The following steps were performed:

  1. First we import the hba-test dataset. Each row of the dataset represents a transaction, composed by Order ID and a variable number of Item IDs.

  2. The attribute data type is changed to nominal in a Data Manager task

  3. The hba_test dataset is restructured in the Reshape To Long task.

  4. Then we import the hba-test-prices-costs dataset. This dataset gathers information about the price and the production cost of each item. 

  5. The data type of the Item_ID attribute is changed to nominal in a Data Manager task

  6. The two datasets are merged in a Join task.

  7. Frequent sequences are extracted with the Frequent Itemsets Mining task.

  8. Replacement rules are generated from the frequent itemsets with the Assortment Optimizer.

Procedure

Screenshot

First we import the hba-test dataset with an Import from Text File task.

Then add a Data Manager task, select all the attributes in the Attributes list (using the SHIFT button), right-click and select Type > Nominal.



Add a Reshape to Long task to the process to restructure the data so that the information concerning a purchase of N items is distributed over N rows, each one including a couple Order ID/Item ID.

To do this drag and drop all the Item_ID xx attributes onto the Attributes to be transformed in long format edit box, then save and compute the task.

We then import the hba-test-prices-costs dataset with an Import from Text File task, and add another Data Manager to set the Item_ID attribute to Nominal

The data type of the price and cost attributes must remain continuous.

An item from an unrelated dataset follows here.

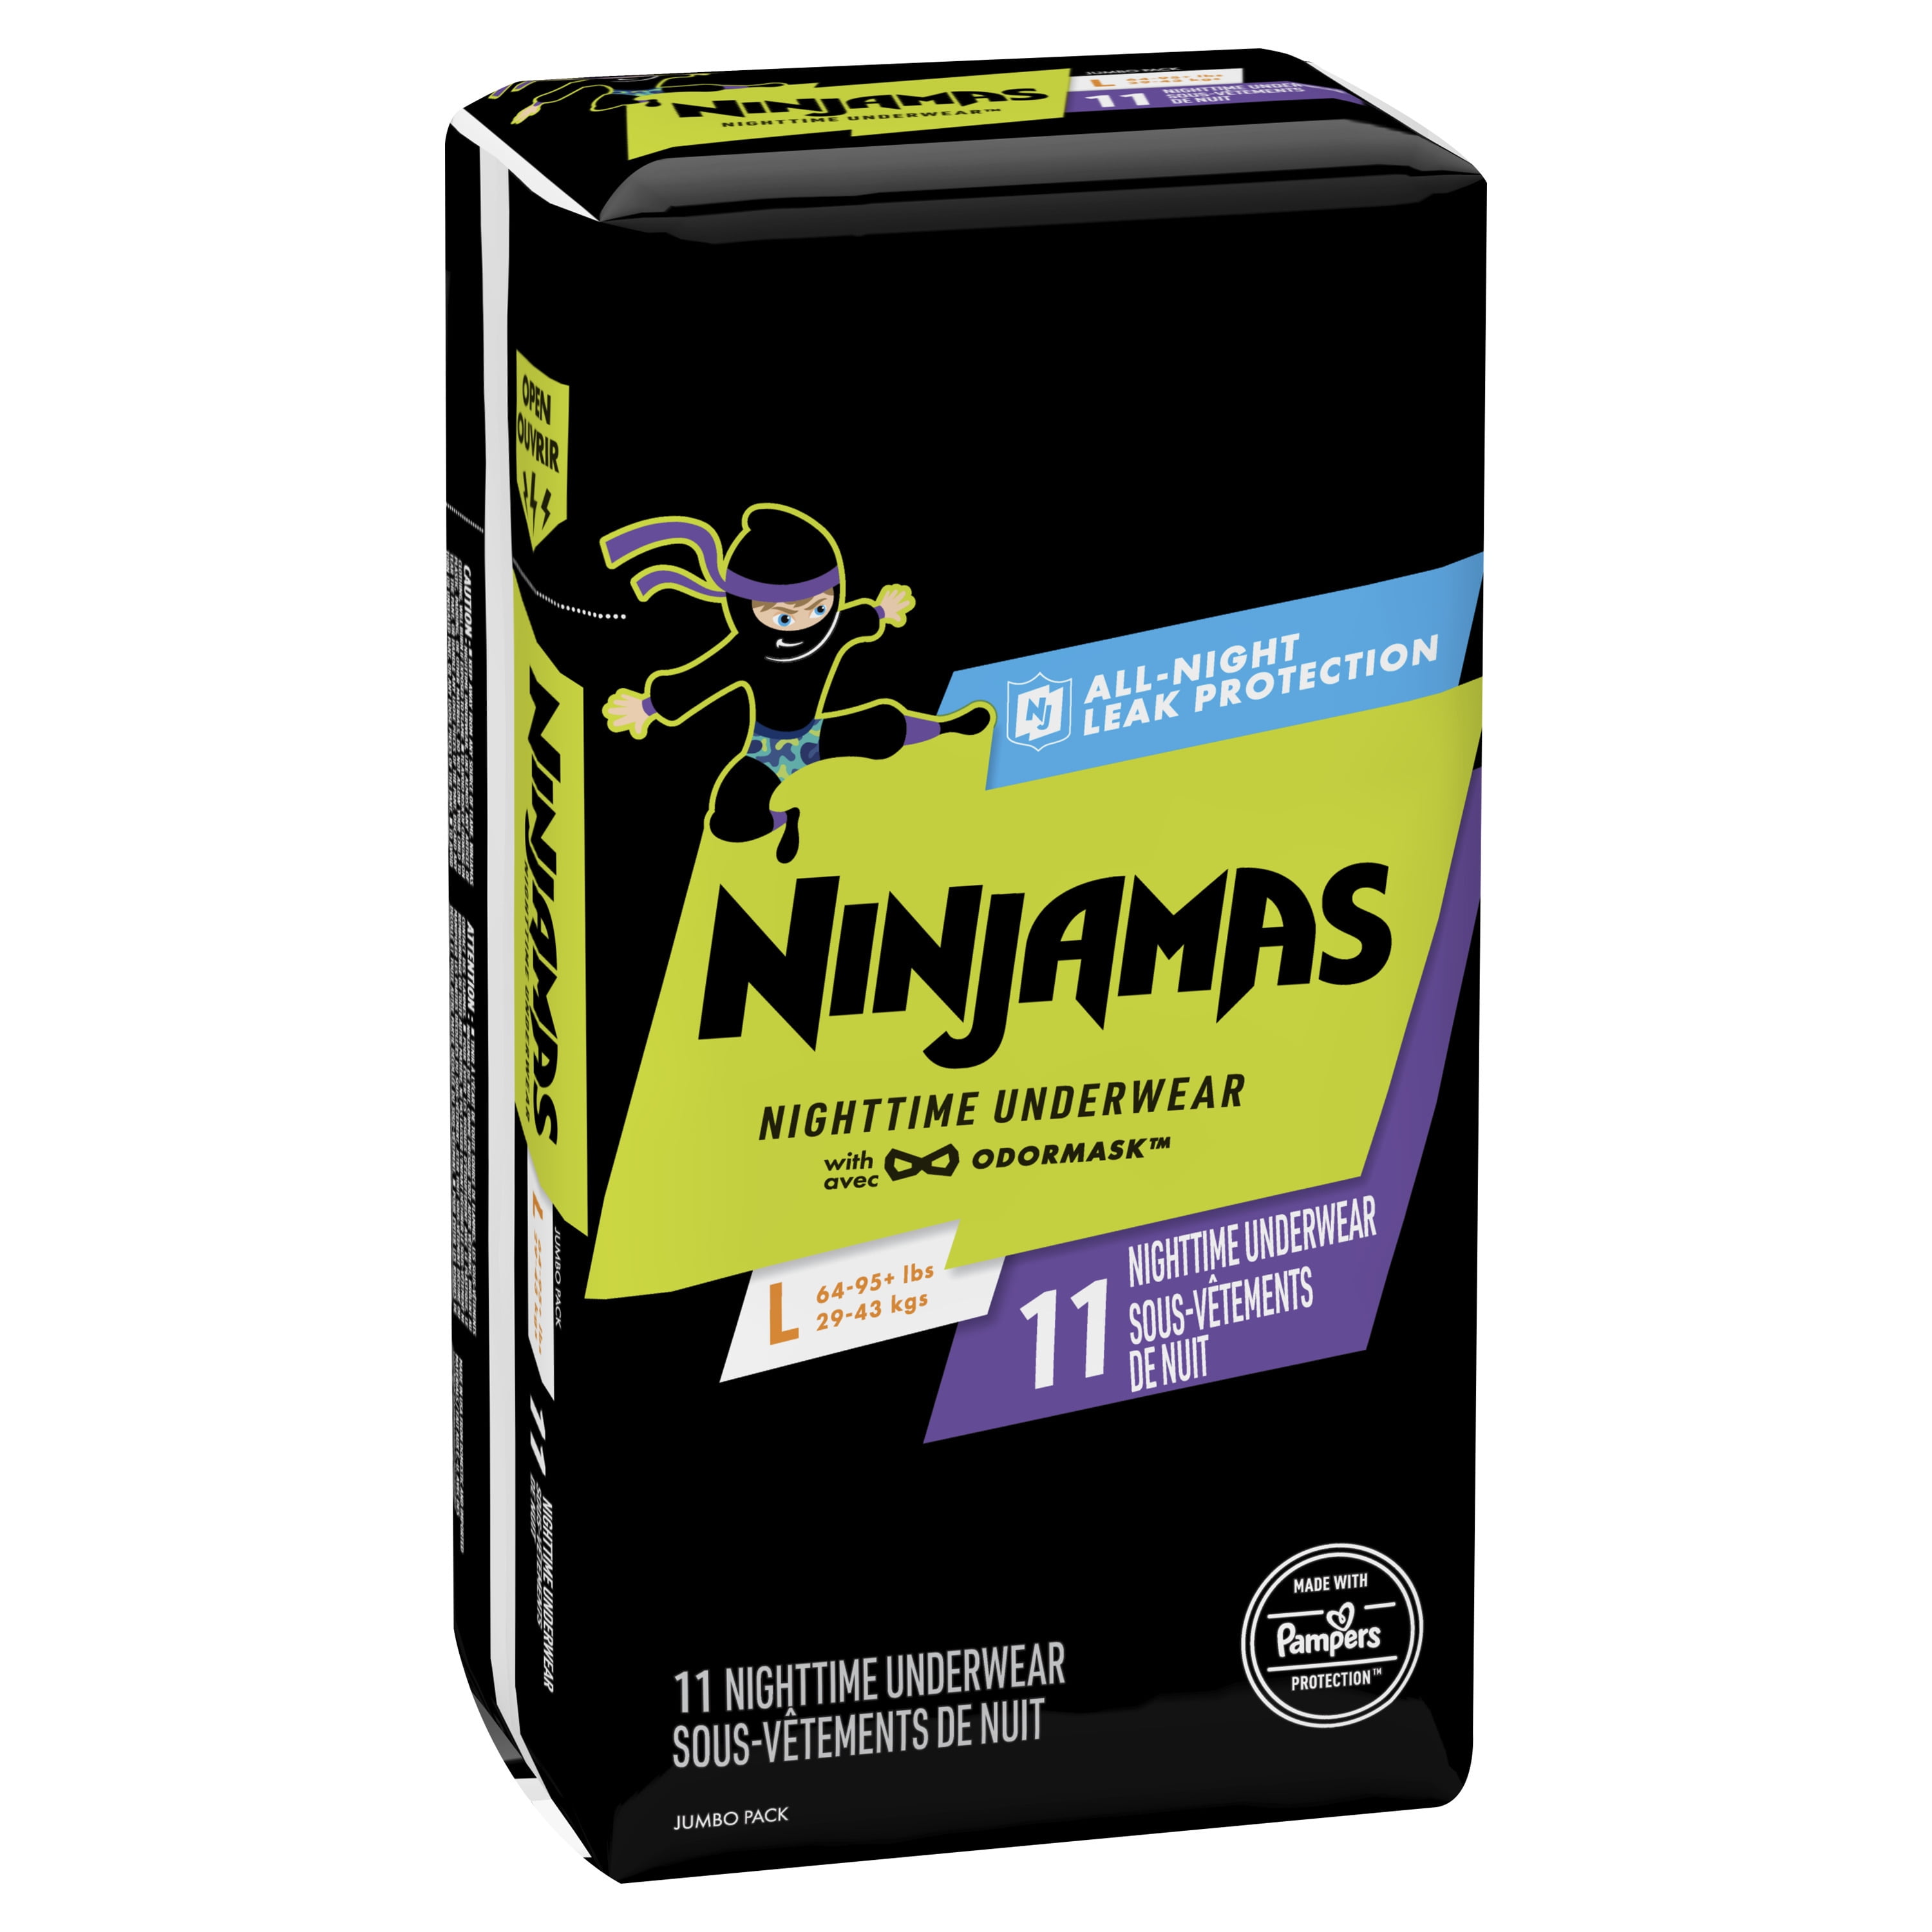  Pampers Ninjamas Nighttime Bedwetting Underwear Boys - Size S/M  (38-70 lbs), 44 Count (Packaging May Vary) : Everything Else

We then add a Join task to the process to merge this new dataset with the hba-test dataset, and configure it as follows:

  • select the Order_ID attribute in the ReshapeToLong task output

  • select all the attributes in the hba-test-prices-costs dataset

  • match the Wide_1 attribute from the ReshapeToLong task output with the Item_ID column in the hba-test-prices-costs dataset.

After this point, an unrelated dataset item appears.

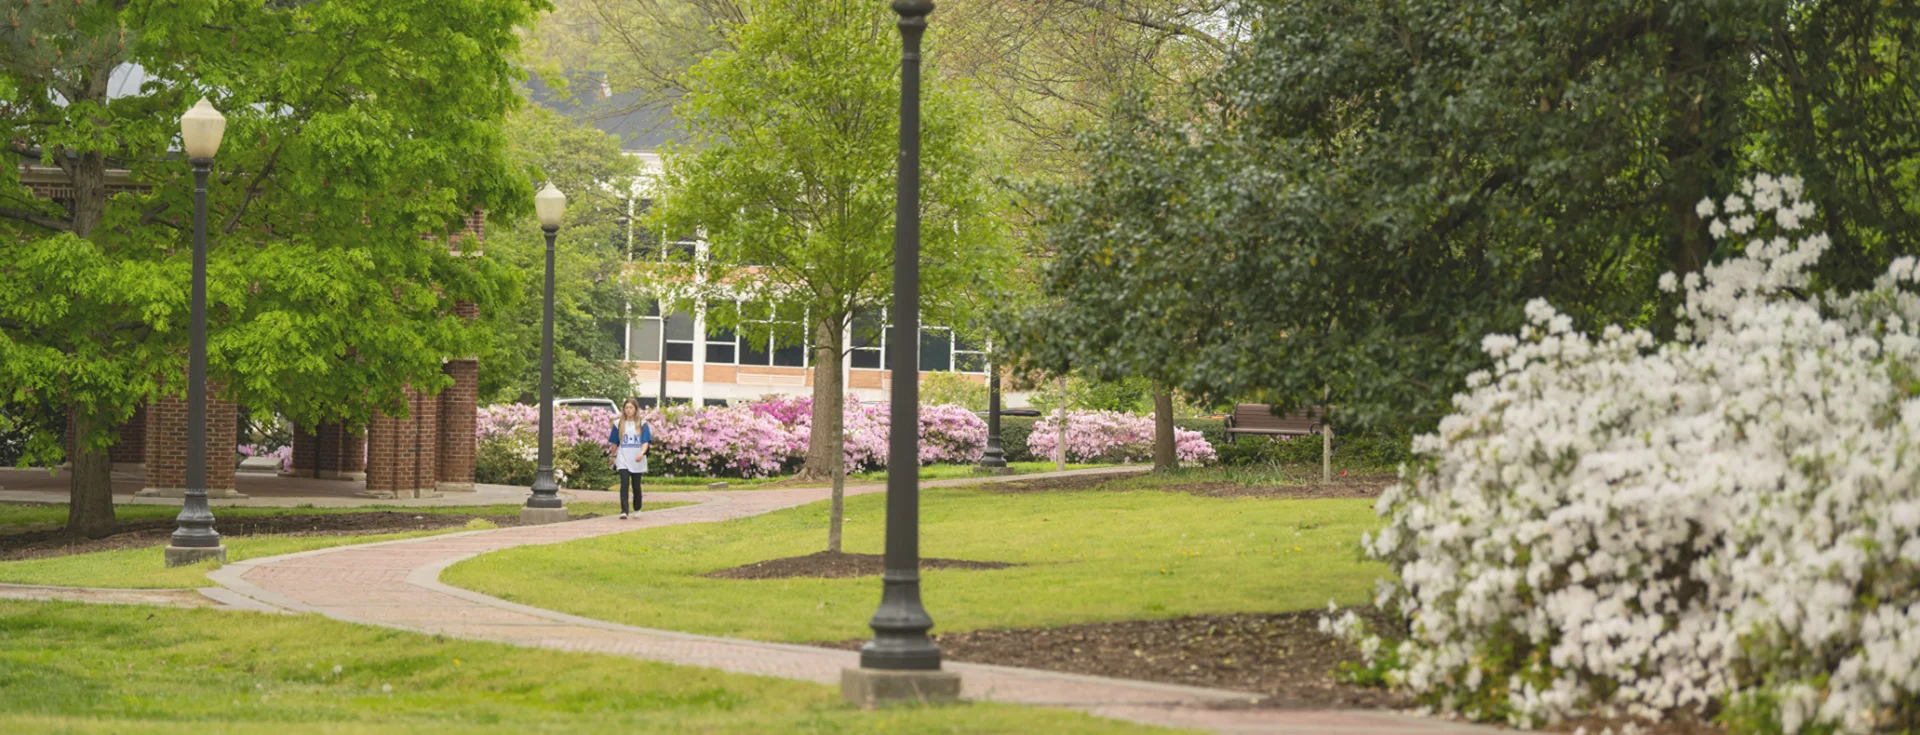  female student walks along a curved brick pathway surrounded by grass, green leafy trees and white and pink flowers.

We then add a Frequent Itemsets Mining task, and configure it as follows:

  • set the Order_Id as Order key attribute

  • set Item_ID as the Item child attribute

  • set Maximum itemset cardinality to 3

  • select the auto (specify #) checkbox

  • set # Items to consider to 50.

The identified frequent itemsets are displayed in the corresponding tab.


We now add an Assortment Optimizer task, and select the Price attribute as the Item price attribute and the Cost attribute as the Item cost attribute.

The generated replacement rules are displayed in the corresponding tab.